Last year, around the time when President Ronald Reagan's body was being ceremoniously transported to lie in state in the Rotunda of the Capitol in Washington, D.C., Bayside activist Mandingo Osceola Tshaka was a patient in a Queens hospital.

"Watching the event on television," he recalled recently, "I was fascinated by the military choreography, which was fabulous; the pomp and circumstance. The area where this was going on is absolutely beautiful."

The scene brought to mind a little-known fact Tshaka learned from reading "The Debt: What America Owes to Blacks," a book by author and civil rights activist Randall Robinson, a resident of the nation's capital.

In the introduction to his book, Robinson - founder of TransAfrica, a lobbying group set up to influence U.S. policies toward Africa and the Caribbean - notes that slave labor built the Capitol.

Robinson writes that the U.S. government requested 100 slaves "to erect the building that would house the art that symbolized American democracy." Construction would run from 1793 to 1802.

Efforts to recruit paid workers were unsuccessful, so owners of enslaved Africans were paid $5 a month per slave to rent them out for the construction, according to Randall, but the story wasn't being told.

Tshaka felt something should be done about that.

"I've been at the Capitol. It didn't have nothing there about me [black people]," he said.

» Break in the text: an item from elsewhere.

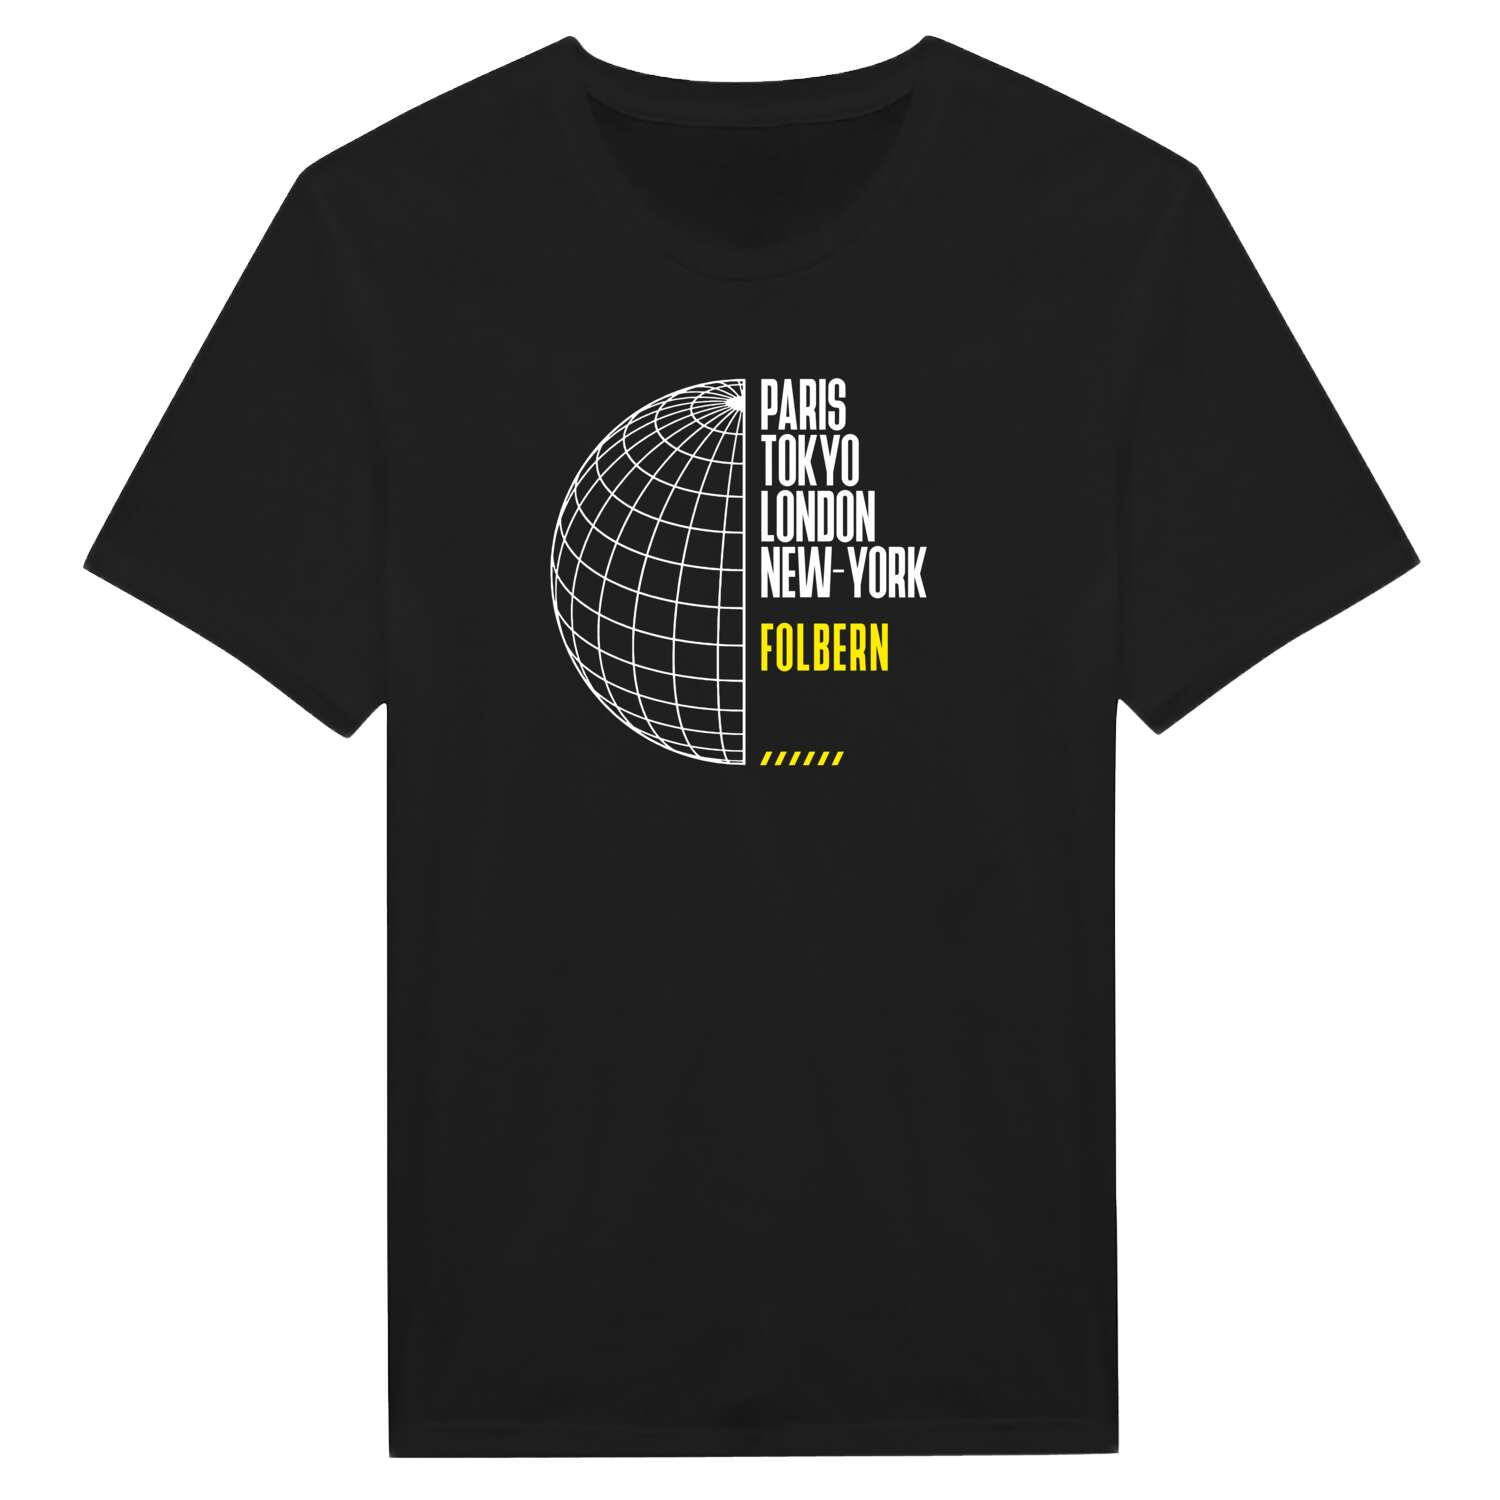 Folbern T-Shirt »Paris Tokyo London«

From his hospital bed, Tshaka called the office of Rep. Gary Ackerman (D-Bayside). He also sent the congressman a copy of "The Debt" and asked him to bring the issue to the floor of Congress. At the beginning of June, Tshaka was informed that African-Americans' contribution to the building of the Capitol is to be recognized.

In a joint statement issued near the end of May, Senate and House leaders announced that a 12-member Special Task Force was established to study the history and contributions of slave laborers in the construction of the Capitol, and to make recommendations for their "appropriate recognition." The task force includes members of Congress and African-American historians.

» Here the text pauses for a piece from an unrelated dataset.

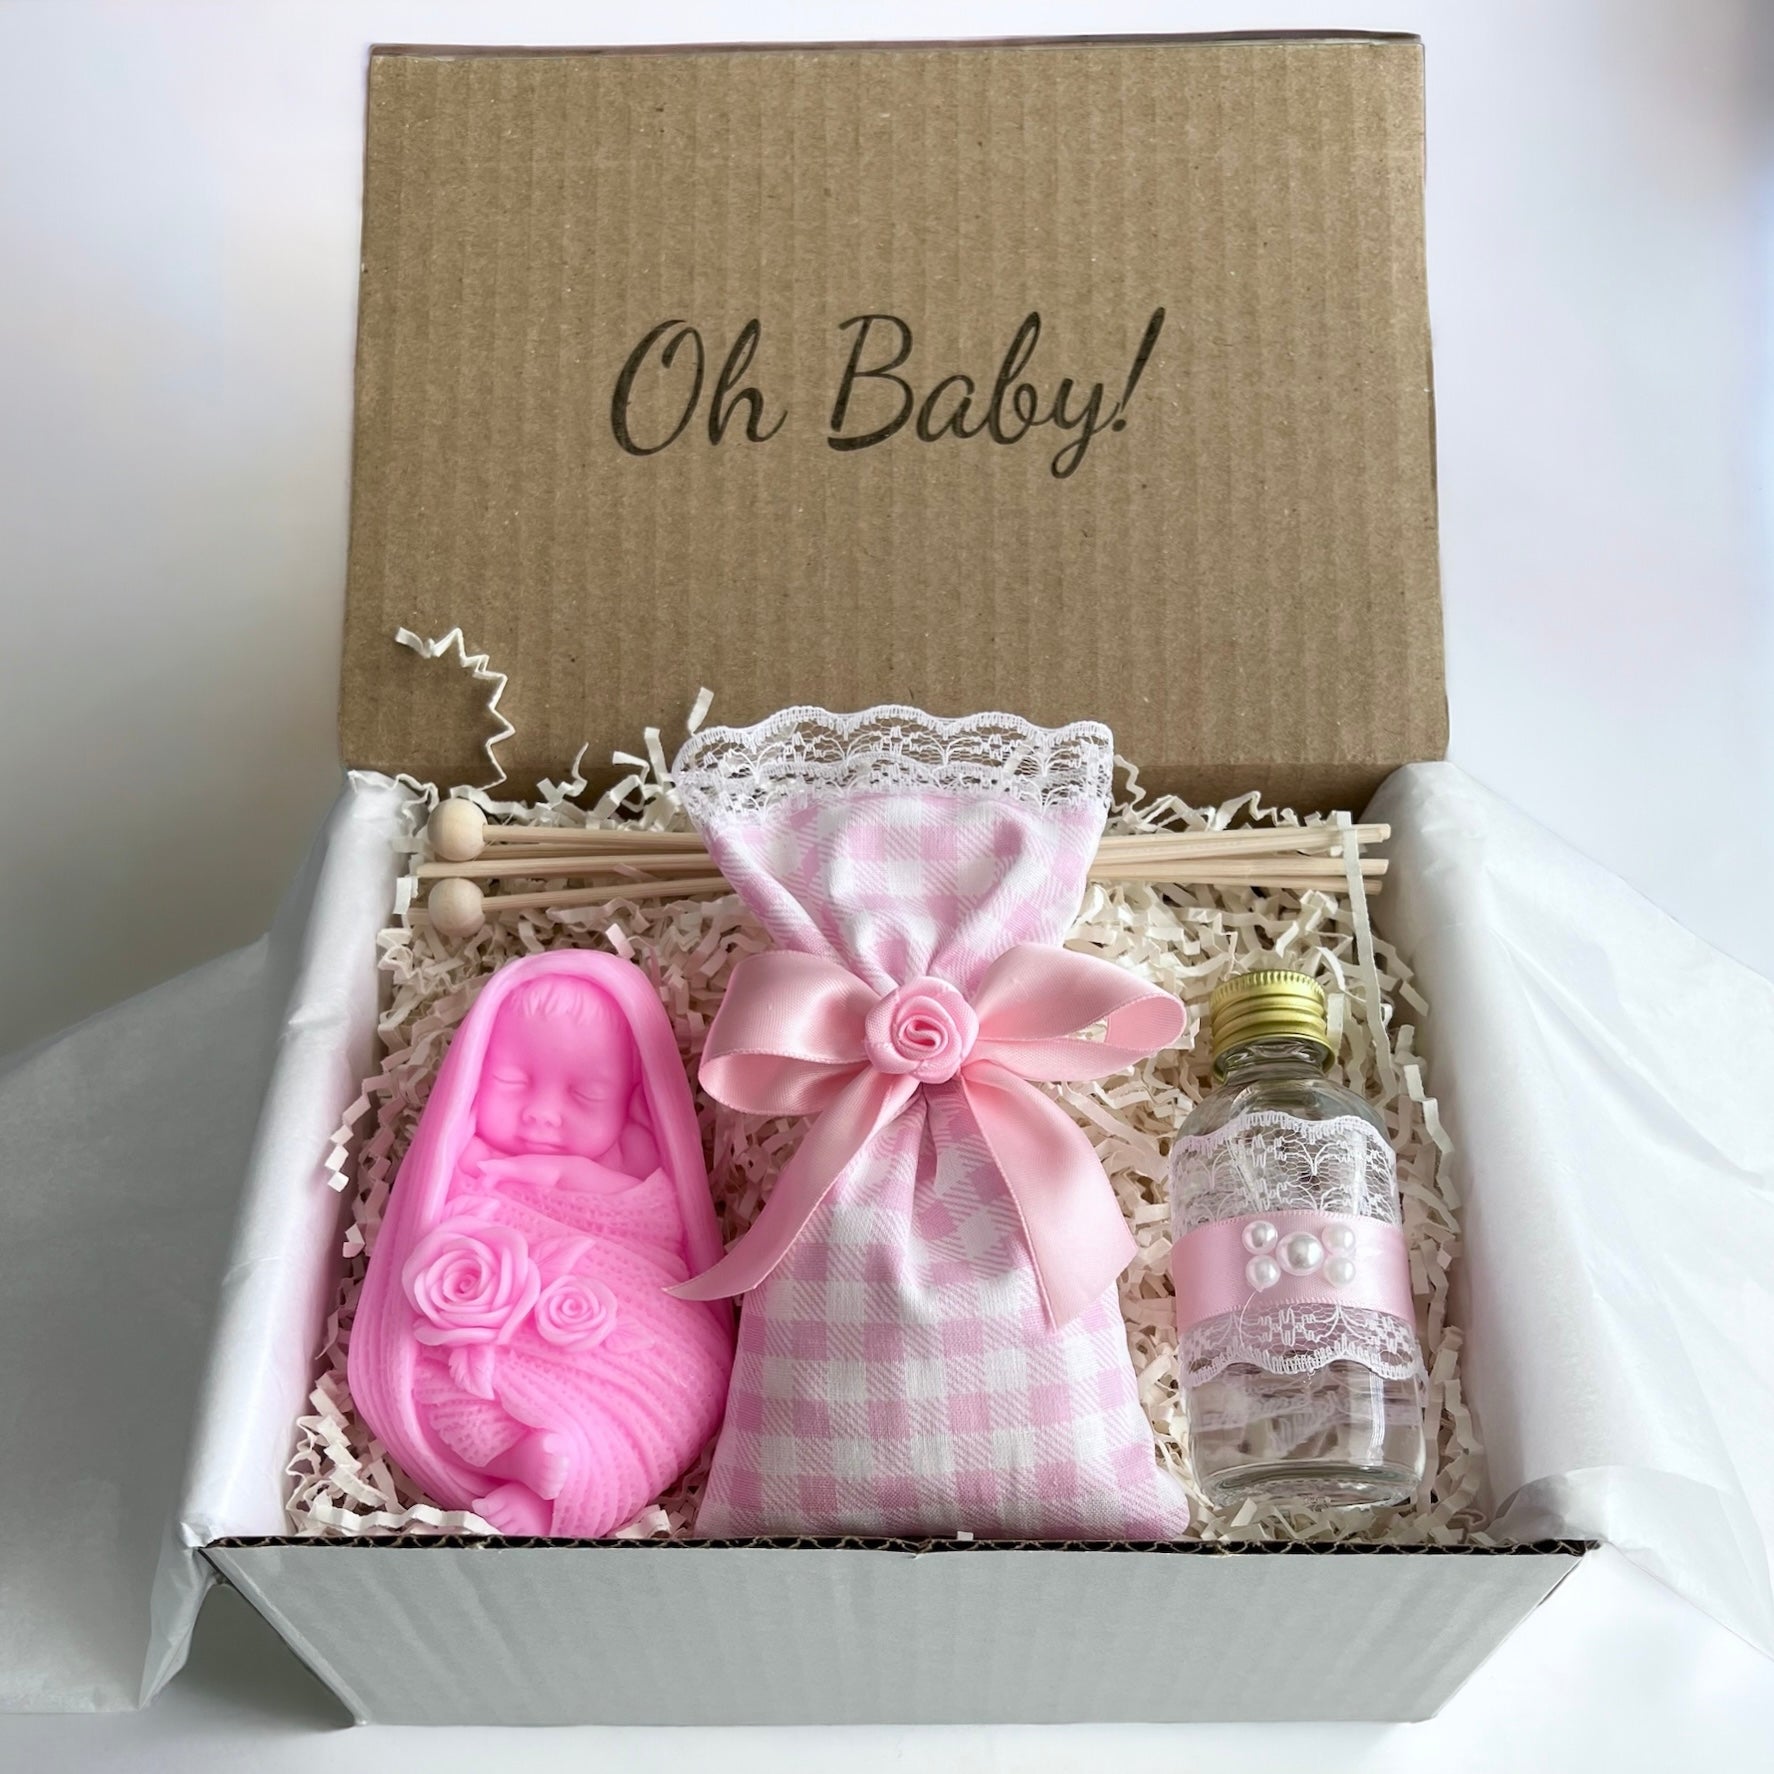 Oh Baby! Gift Set Box BOY/GIRL

"It is our hope that the work of the task force will shed light on this part of our history, the building of our nation's greatest symbol of democracy," the leaders stated. "The time to recognize this work is long overdue."

An effort was made back in 2000 to honor the enslaved workers when Sen. Blanche Lincoln (D-Ark.) introduced a successful bill that authorized the task force, but nothing was done. At Tshaka's prompting, Ackerman brought up the matter with congressional leaders and the task force was established.

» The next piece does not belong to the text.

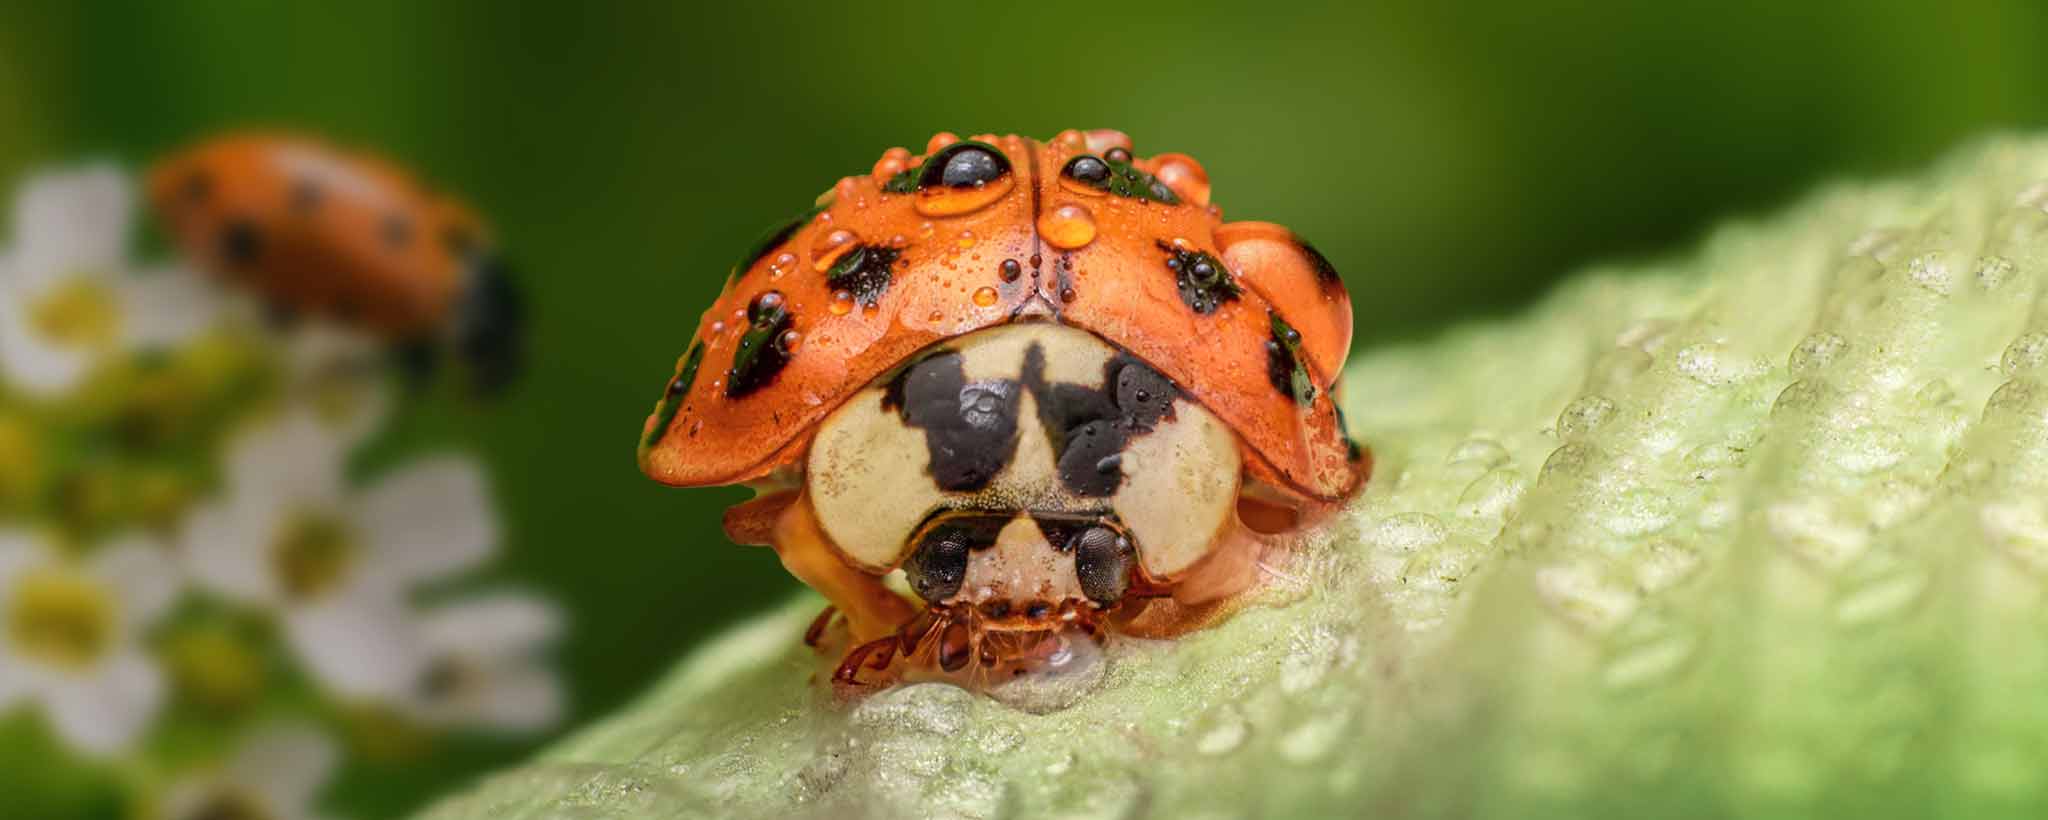 'Orange ladybug on green leaf'

Announcing this in a June 2 release, Lincoln said that from 1792 to 1800, 400 enslaved Africans helped build the Capitol, which houses the meeting chambers of the Senate and the House of Representatives, offices of congressional leaders, a museum of American art and history. It's also the site for ceremonies of national importance, such as presidential inaugurations and the lying in state of prominent persons.